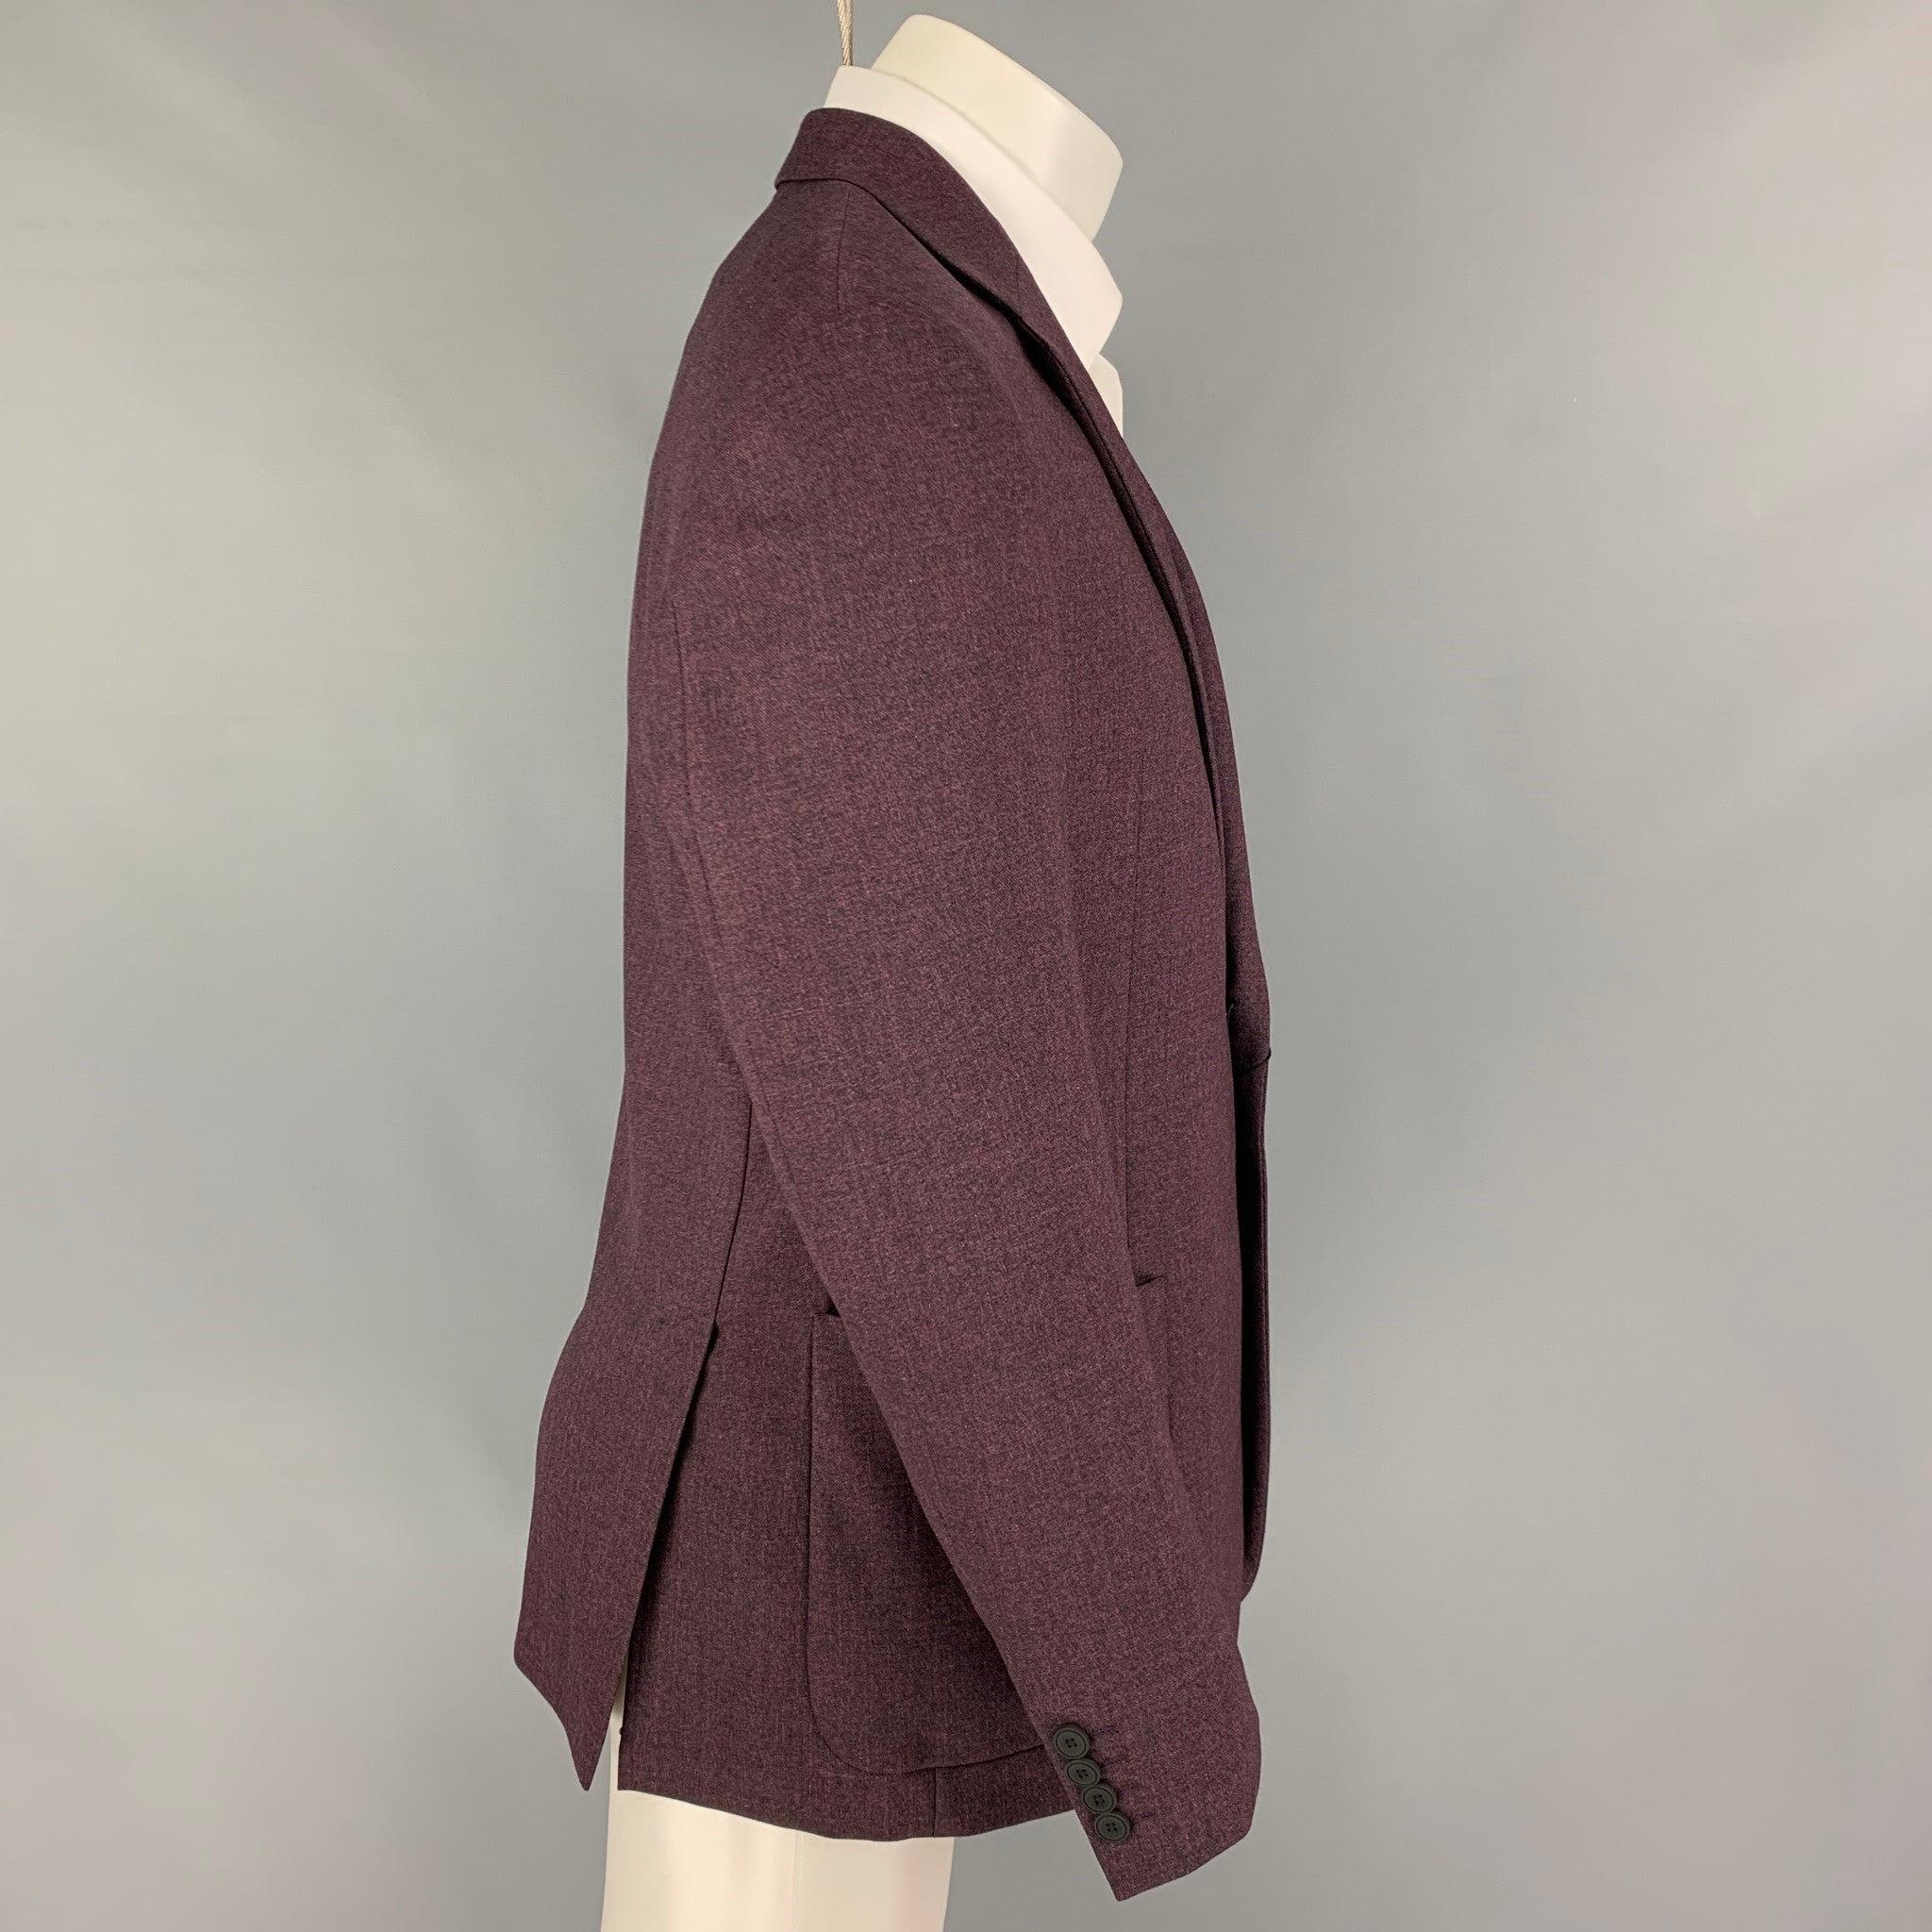 EMPORIO ARMANI sport coat comes in a purple heather wool with a half liner featuring a notch lapel, patch pockets, double back vent, and a double button closure.
New with tags.
 

Marked:   50 

Measurements: 
 
Shoulder: 18 inches  Chest: 40 inches
- - - - -
■ INSTRUCTIONS TO FOLLOW ■
Where the line containing "New with tags." appears in the records above, begin copying and continue through the last line; copy each line exactly and include no others.

■ ANSWER AREA ■
New with tags.
 

Marked:   50 

Measurements: 
 
Shoulder: 18 inches  Chest: 40 inches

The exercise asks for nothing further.